> SUPPLIED INFORMATION:

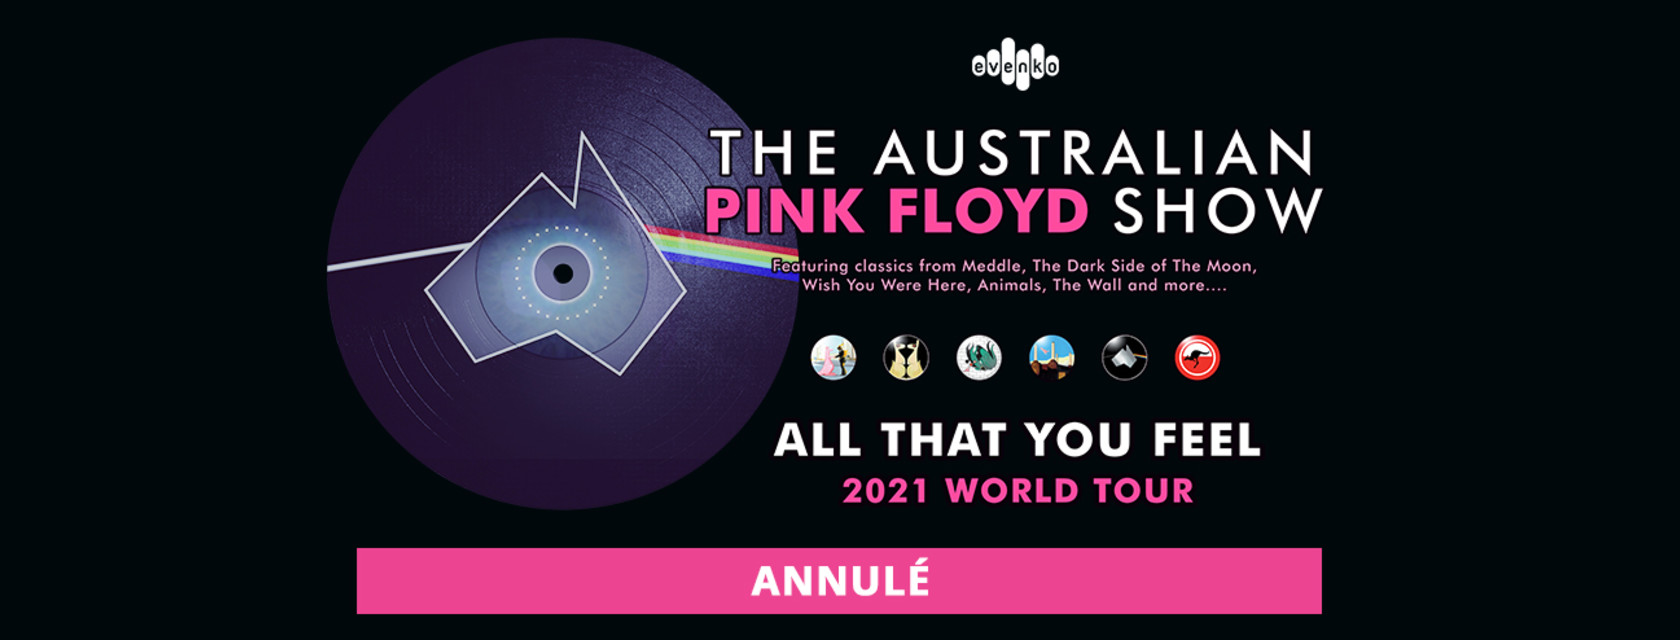 The Australian Pink Floyd Show annule sa tournée nord-américaine :  le spectacle du 19 septembre à l’Amphithéâtre Cogeco annulé
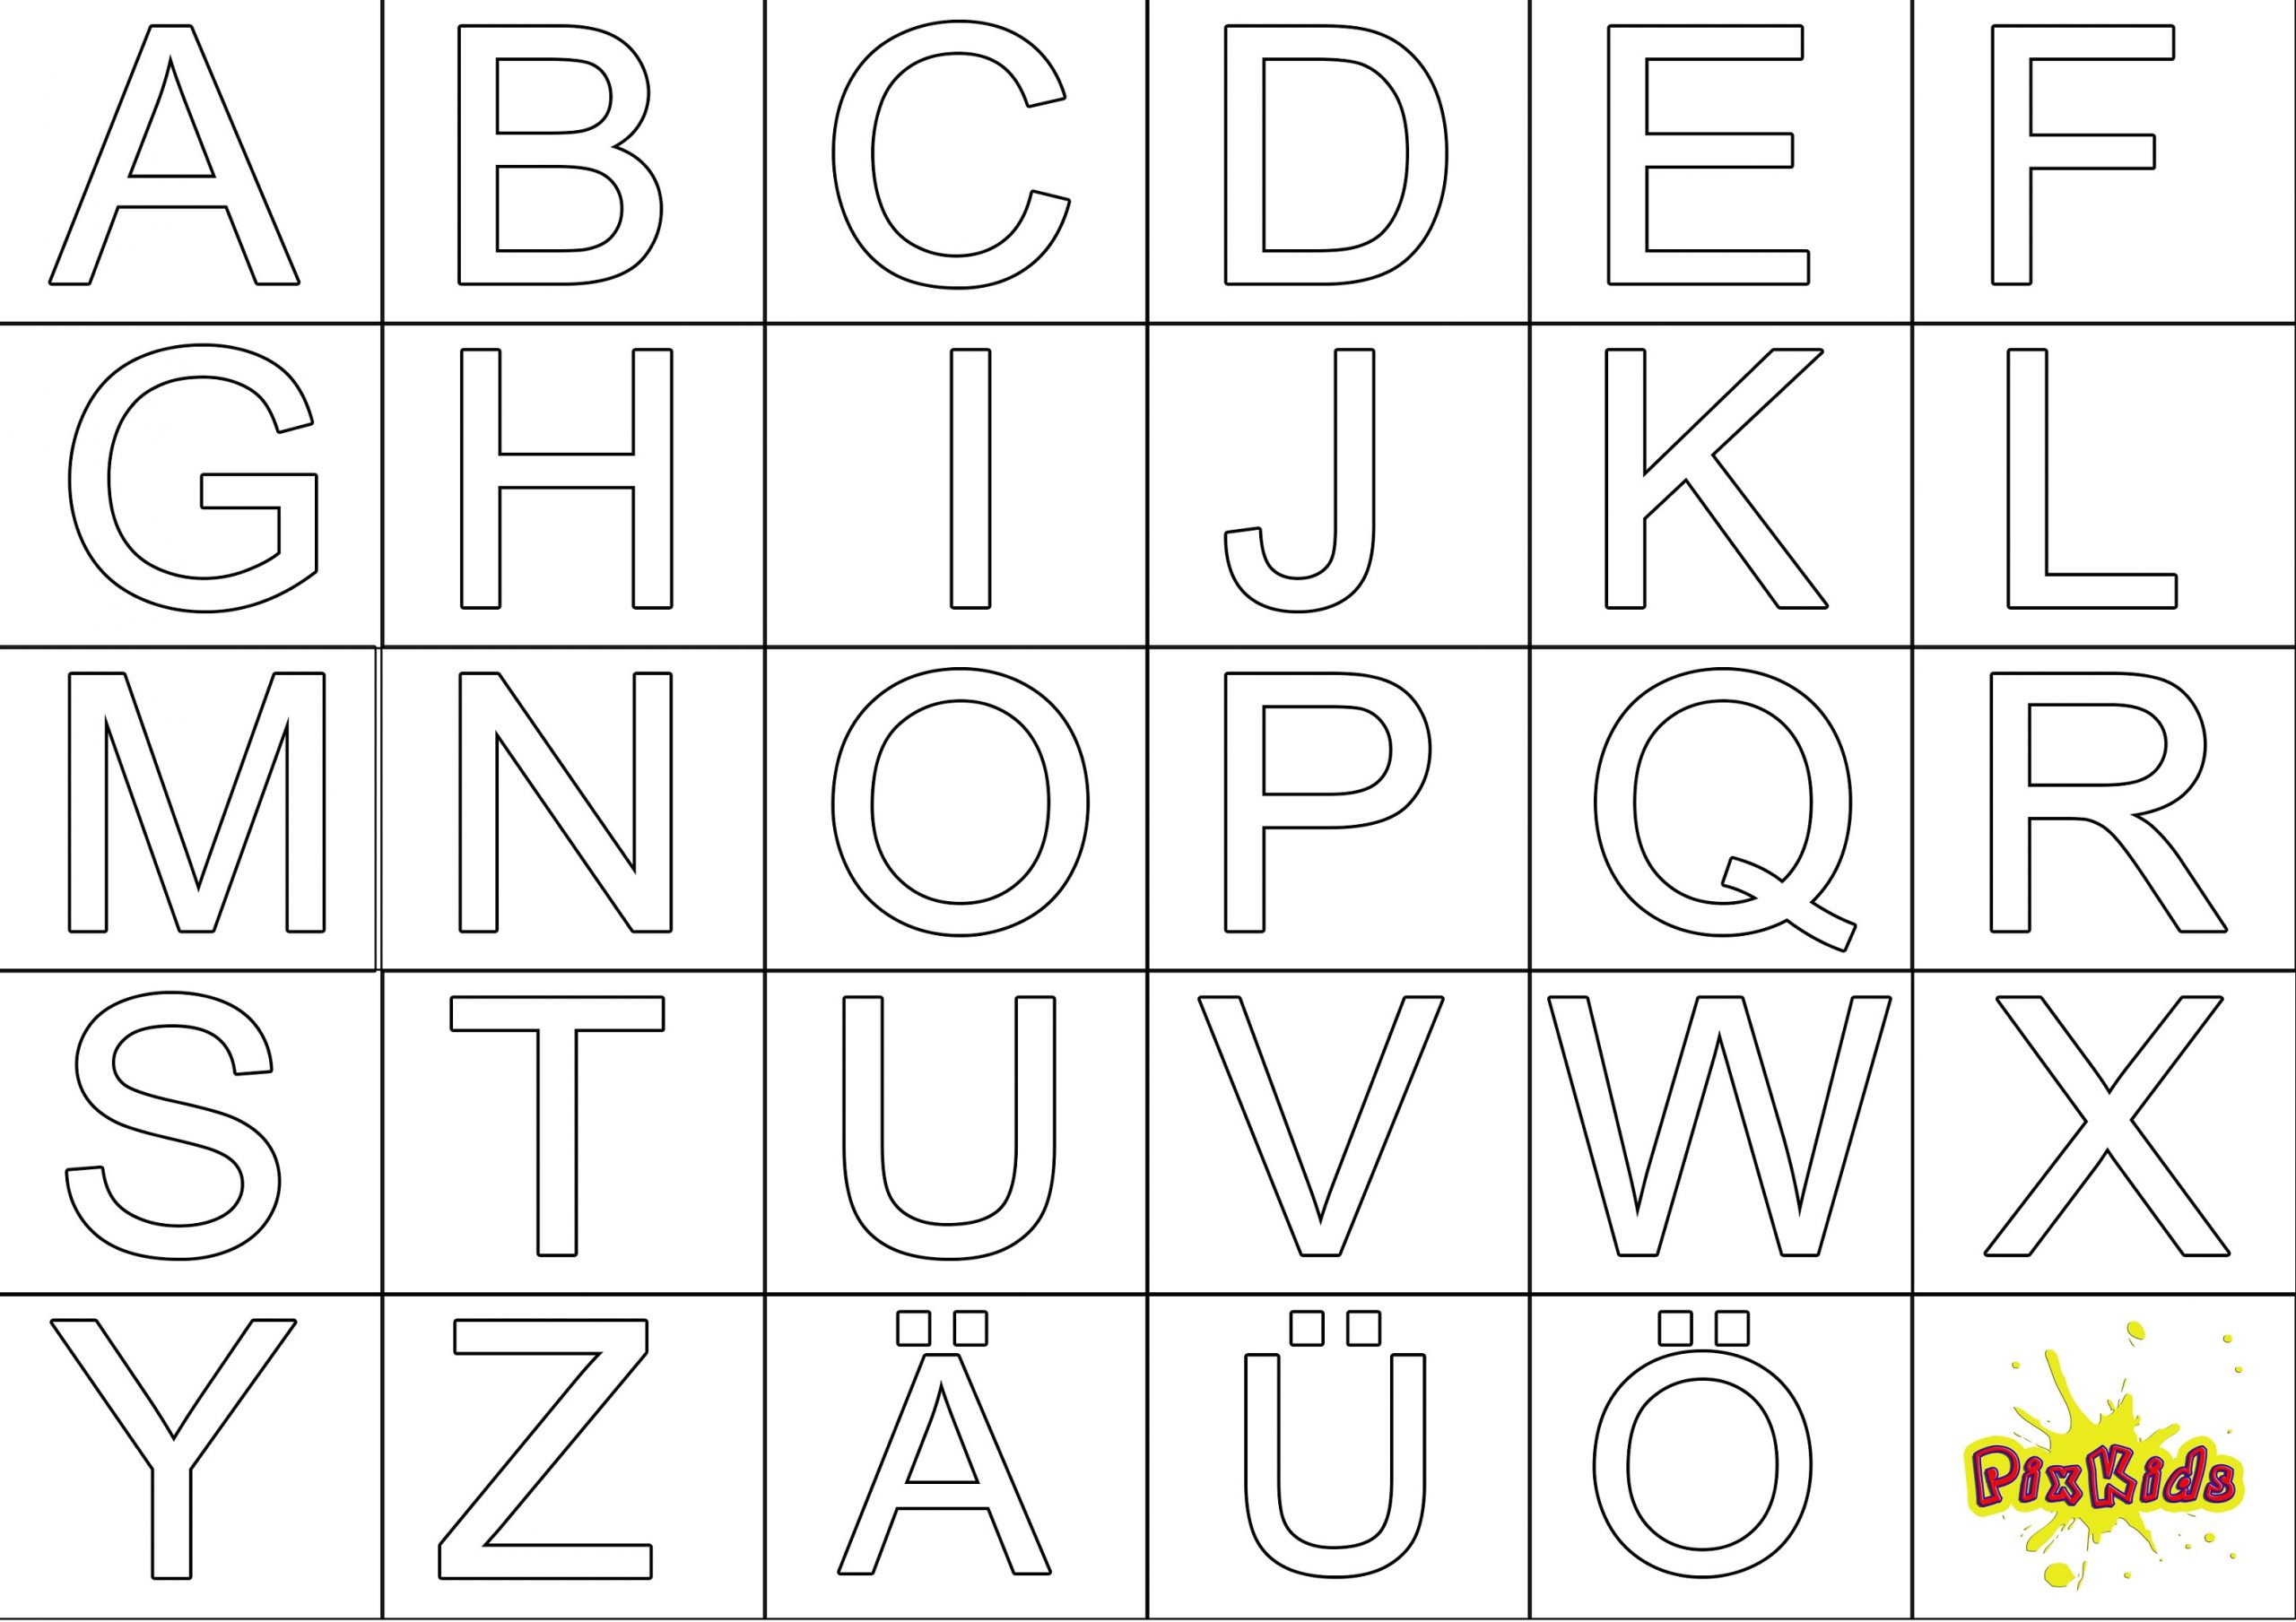 Ausmalbild Abc - Kostenlose Malvorlagen verwandt mit Ausmalbuchstaben
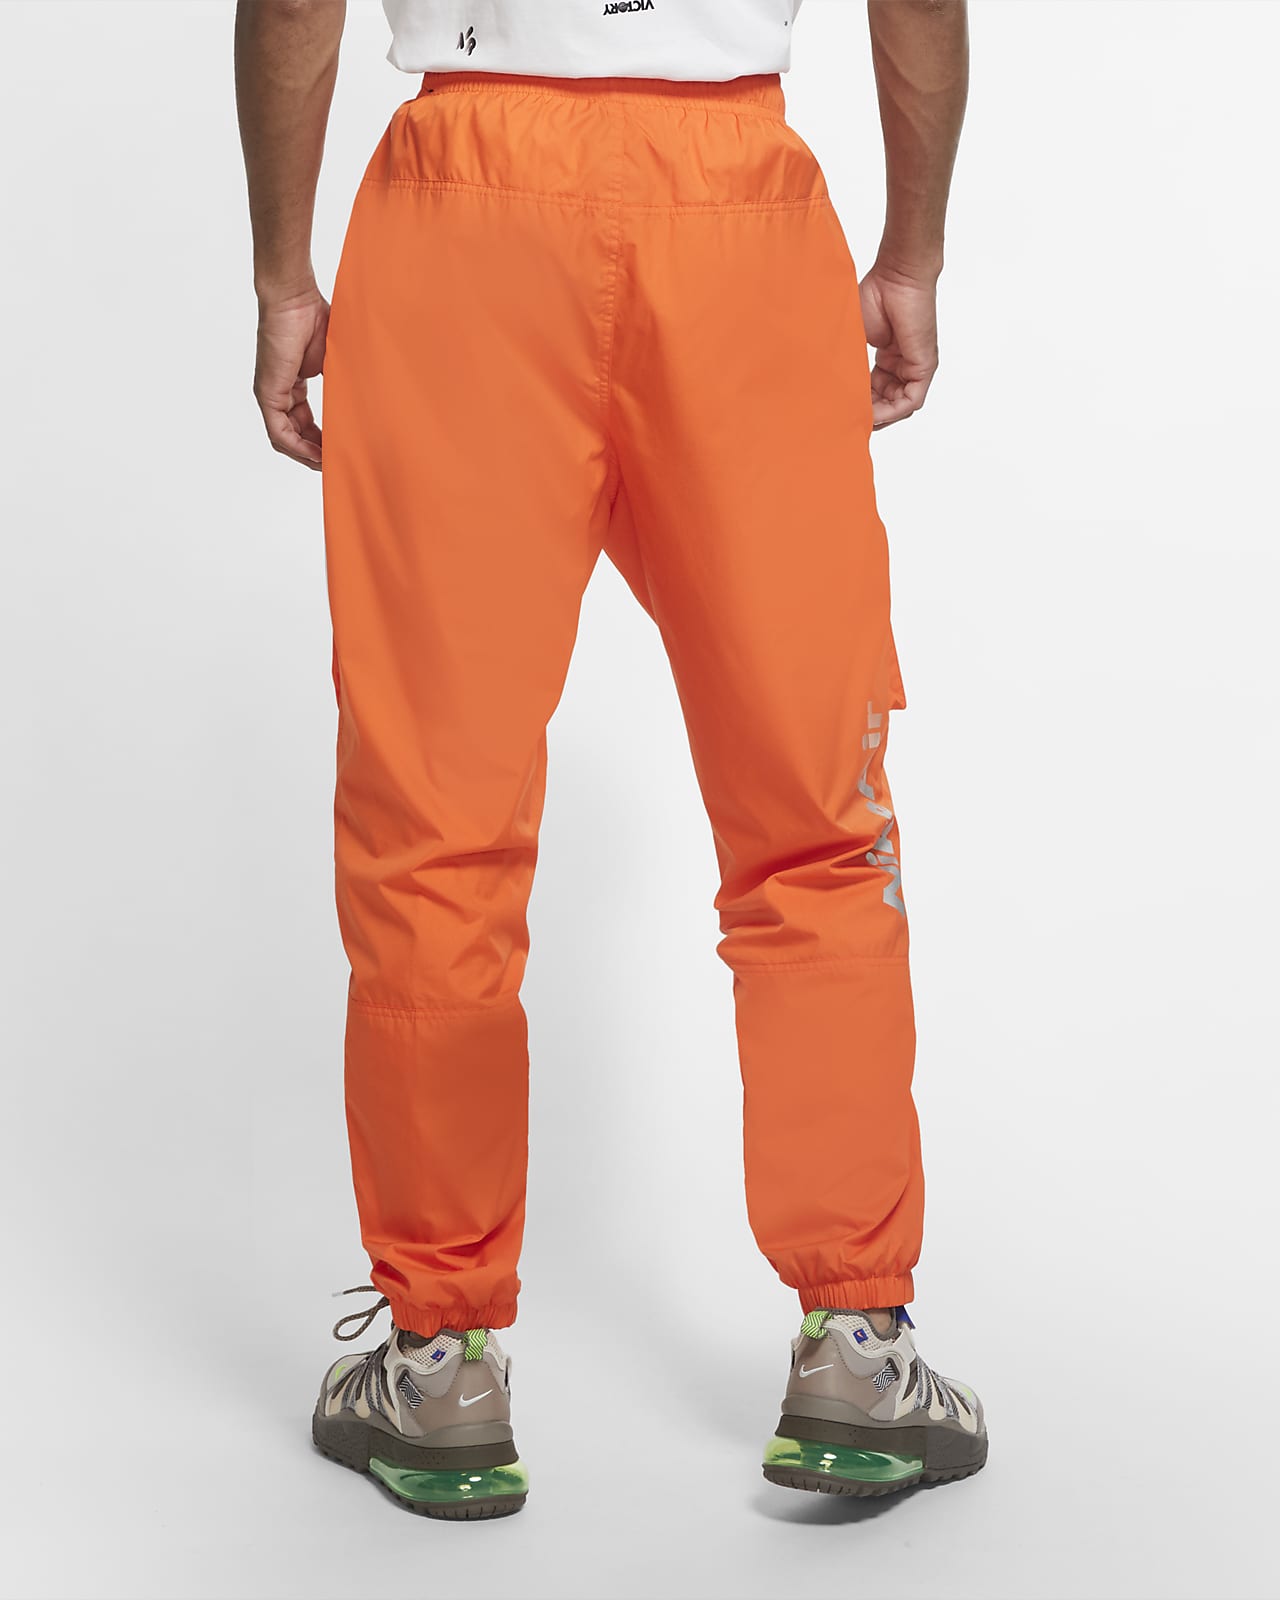 Pantalones de tejido Woven para hombre Nike Air. Nike.com

> YOUR ASSIGNMENT: The data is to be printed again exactly, but without its pictures.

> TASK RESPONSE:
 The Australian Pink Floyd Show annule sa tournée nord-américaine :  le spectacle du 19 septembre à l’Amphithéâtre Cogeco annulé
 Ausmalbild Abc - Kostenlose Malvorlagen verwandt mit Ausmalbuchstaben
 Pantalones de tejido Woven para hombre Nike Air. Nike.com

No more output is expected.